The main limitations of grey-box testing include the potential for false negatives, because the tester does not have full access to all areas of the system. Also, because the grey-box tester has some level of access, they may not think to look for certain types of vulnerabilities that a white-box or black-box tester would.
Grey-box penetration testing is typically used for conducting first-time or most regular penetration tests for organizations of any sizes and industries. This approach also works well for testing cloud-based applications, which require special permissions to access.
What penetration testing approach is right for your organization?
Starting with your security concerns or objectives can help answer this question. Is it to find as many vulnerabilities as possible? Or, is it about testing the effectiveness of your organization’s existing security controls? Or, is it to find hidden vulnerabilities that have been missed in other types of testing? Also, defining the scope, efficiency, speed, and cost that is right for you will also help your decision-making process.
Scope or coverage
How much of your system do you want or need to be tested? Your testing scope will vary depending on the size and complexity of your system, as well as your organization’s security concerns and goals.
Are you looking for a comprehensive test that covers all aspects of your system?
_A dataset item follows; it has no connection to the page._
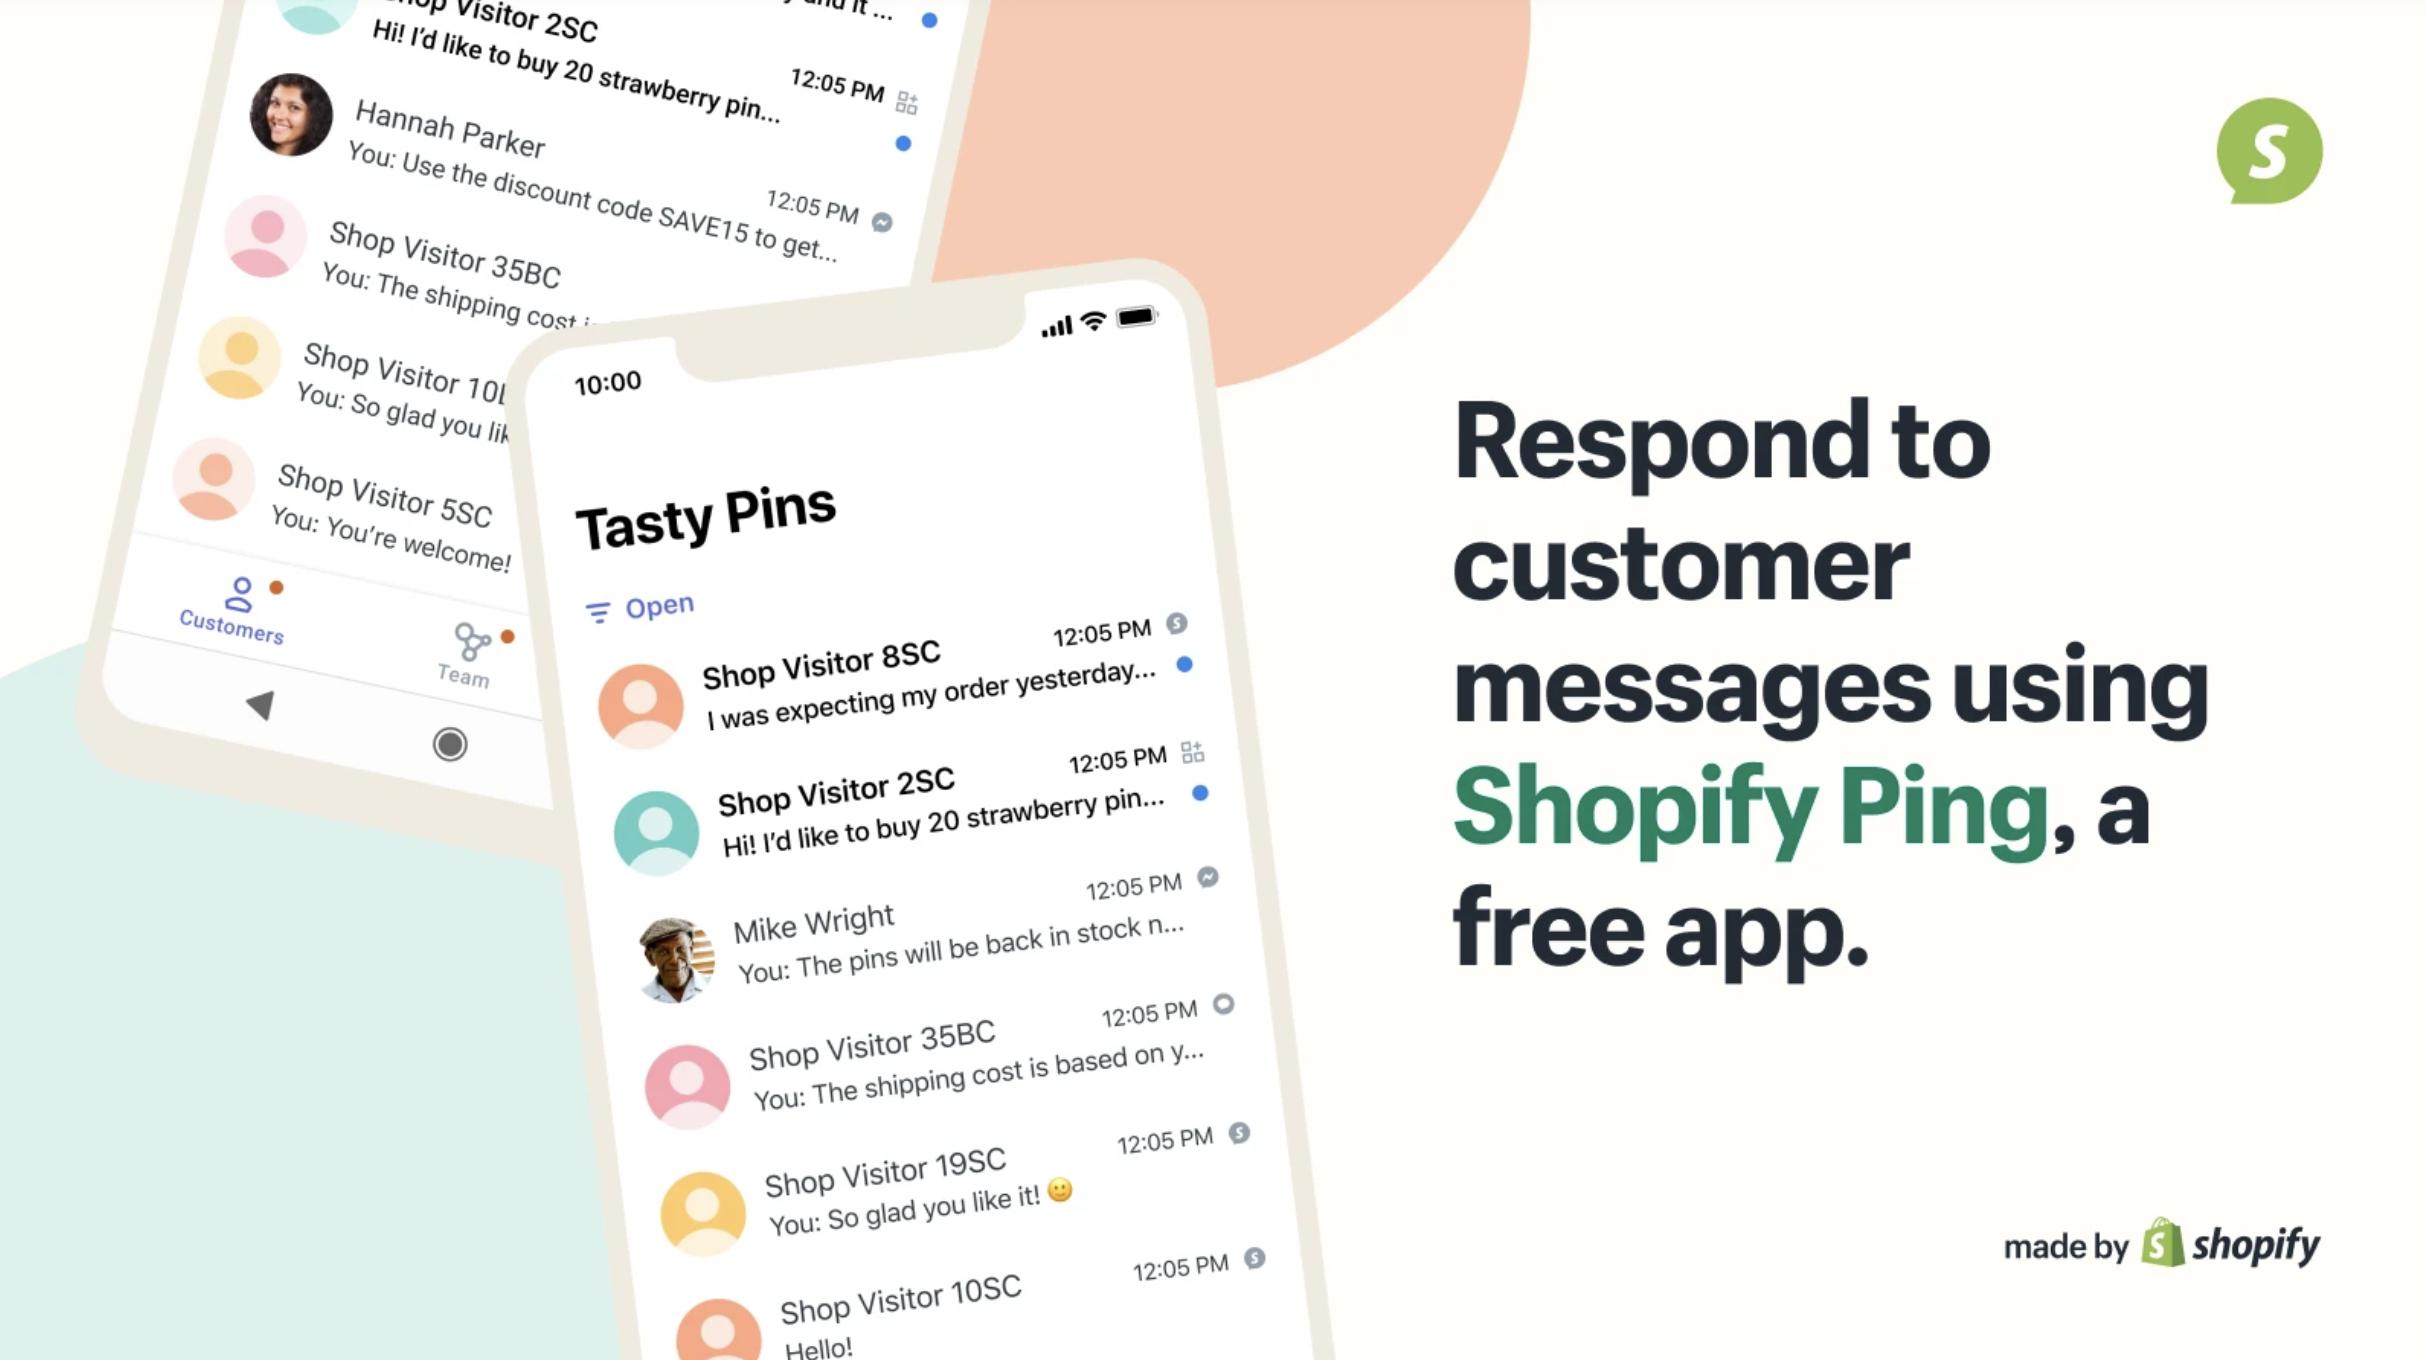 Shopify Ping

Or, are you more concerned with the effectiveness of specific controls? The expected effectiveness of your testing will help you understand what kind of test is right for your needs.
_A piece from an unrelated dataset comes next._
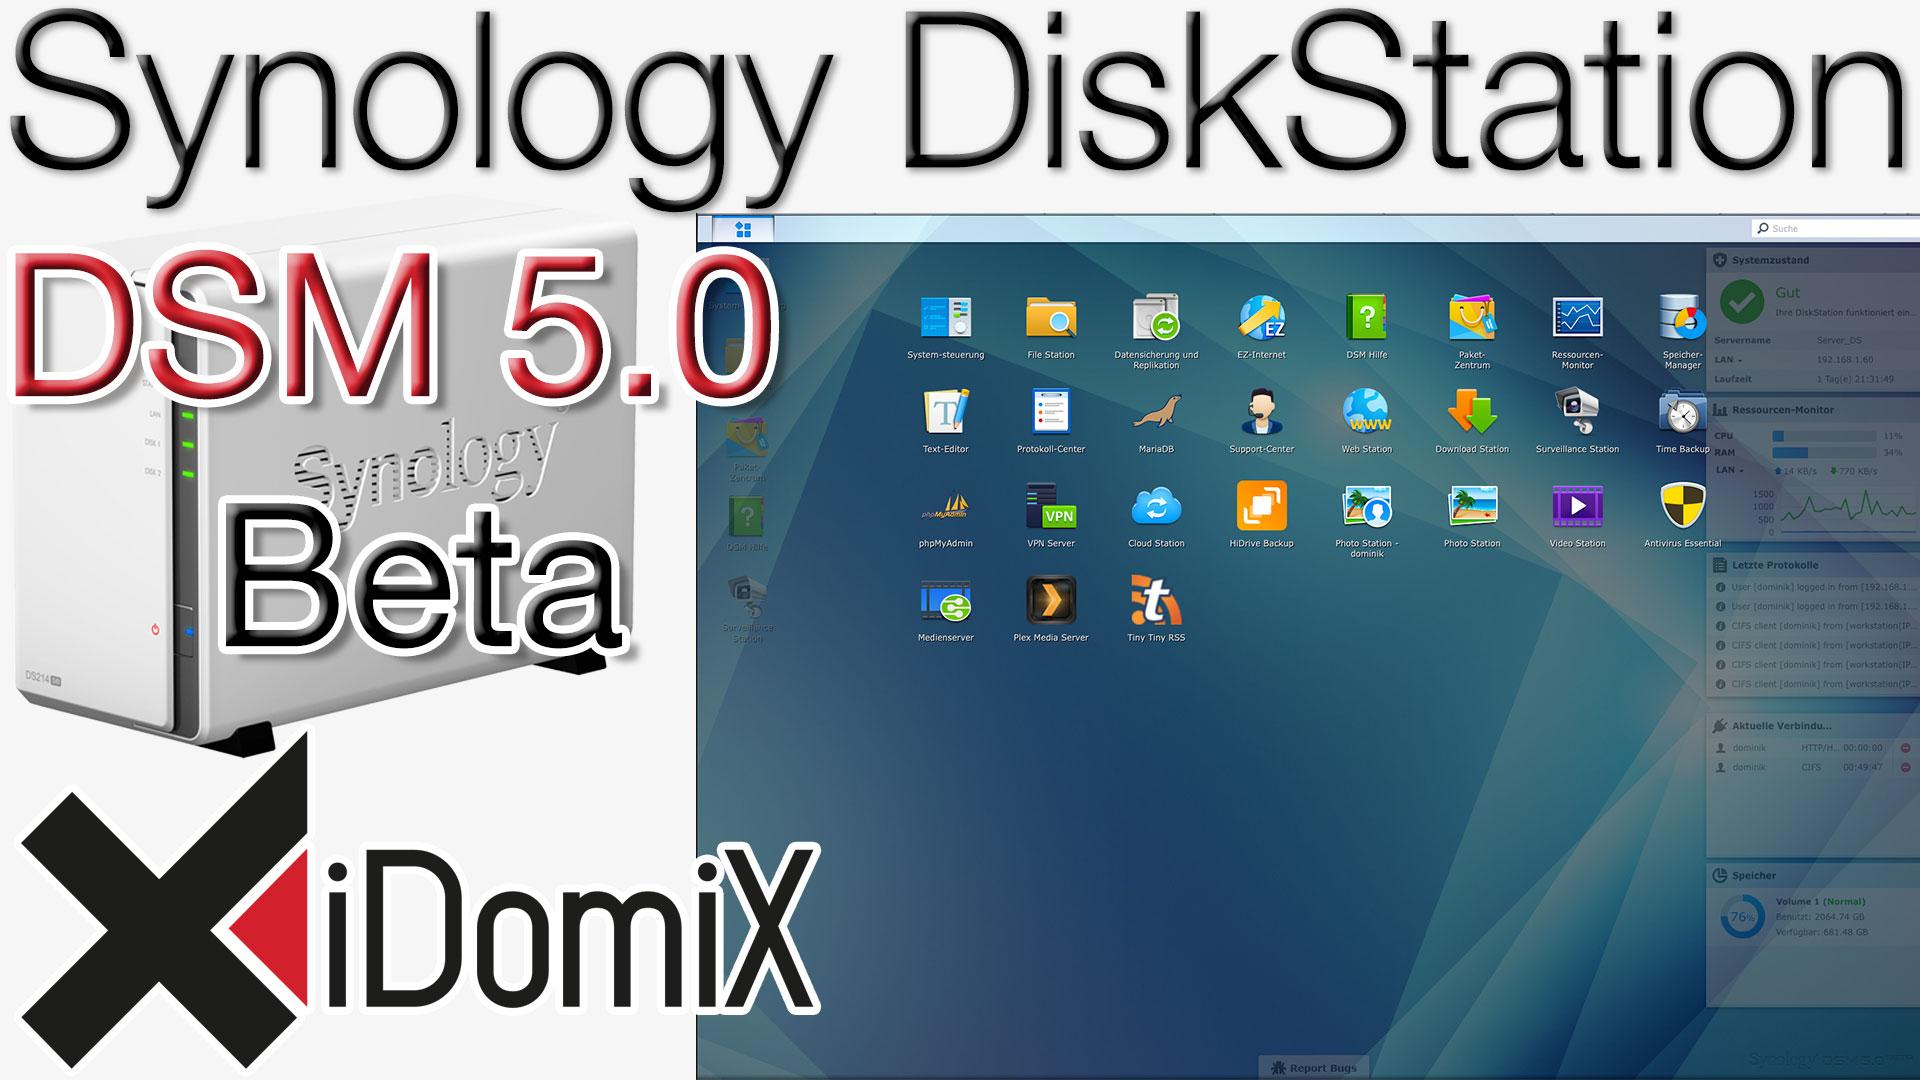 Synology DiskStation DSM 5.0 Beta kurzer Überblick

How fast do you need your testing results? Defining this aspect upfront can help you understand which type of test is best suited for your organization.
How much are you willing to spend on penetration testing? Also, how much time and resources do you have to dedicate to the project? Your organization’s budget and available resources are important factors when deciding on the right type of penetration test.
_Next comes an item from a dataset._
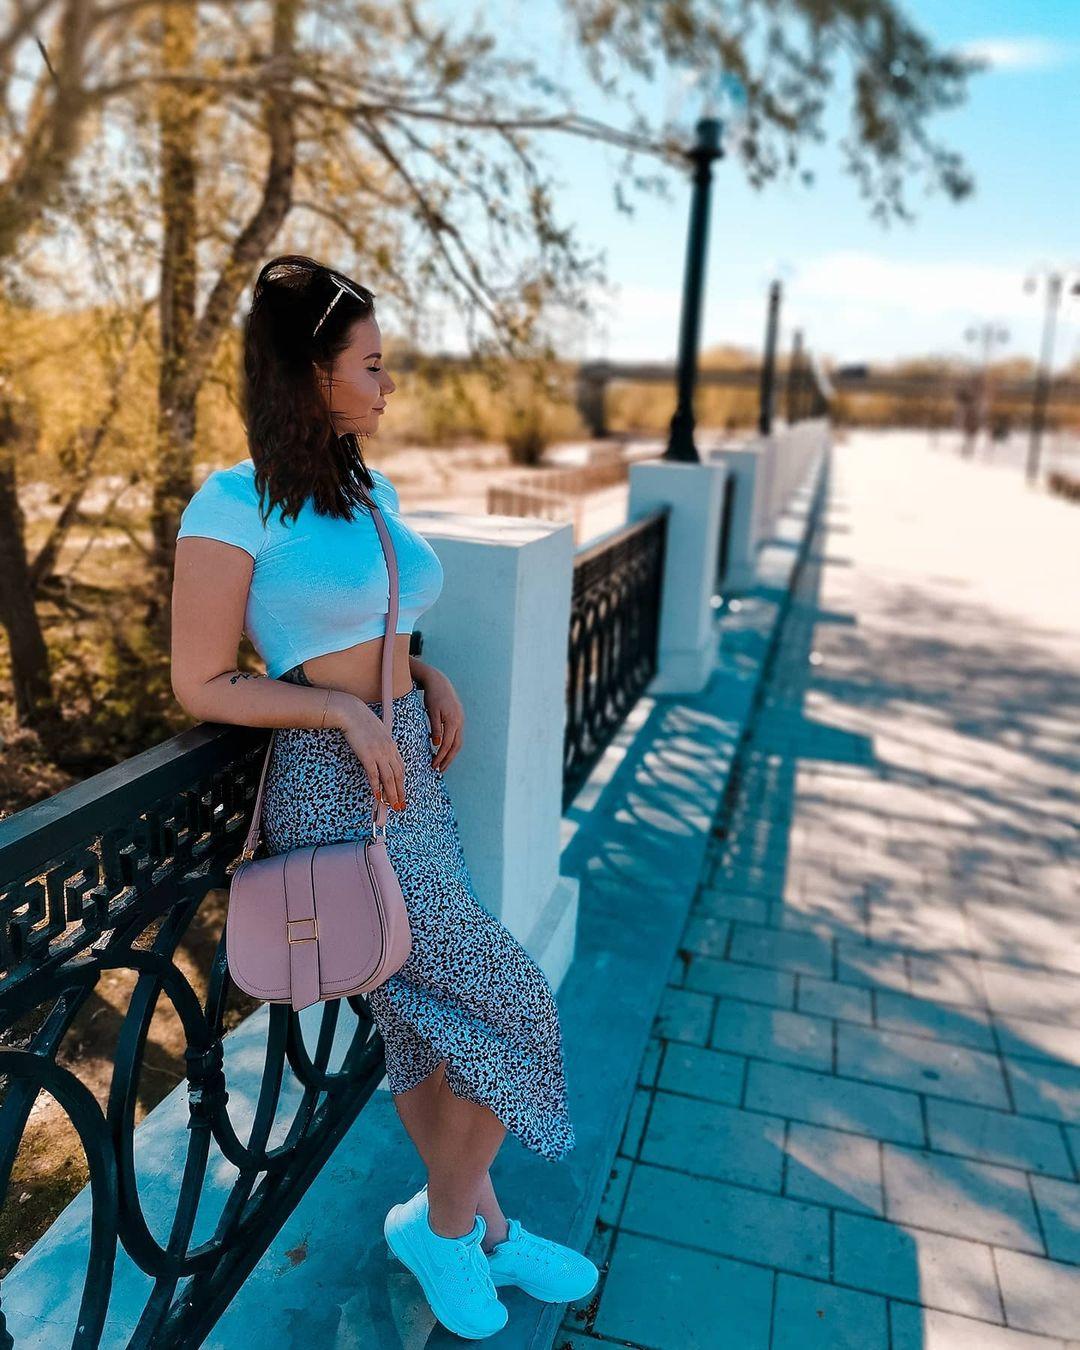 Anastasia-Nikolskaya-Wallpapers-Insta-Fit-Bio-1

Small businesses with limited resources might want to start with a grey-box or black-box penetration test since it would be more efficient in terms of time and cost; On the other hand, large businesses with more resources might want to consider white-box penetration testing to generate a more comprehensive list of vulnerabilities; And finally, businesses in heavily regulated industries might be required to undergo regular white-box penetration testing, this to ensure their compliance with a strict regulation and avoid costly fines.
In any case, it all comes down to identifying your business-critical assets and the best approach or strategy to protect them. At the end of day, what matters is not the color of your testing approach, but simply how effectively any type of approach or any blend of approaches will help you do either of the following:
- Secure your assets against the top cyber risks threatening organizations or the 10 most common network vulnerabilities.
- Achieve regulatory compliance.
Understanding what white-box, grey-box, and black-box penetration testing are will help you make an informed decision about which type is right for your organization. Each approach has its own set of pros and cons, so it’s important to understand the risks and benefits associated with each before making a decision. Also, keep in mind that no single type of test can offer a complete picture of your system’s security. A combination of penetration testing approaches might be necessary to get a more comprehensive view of your system’s vulnerabilities.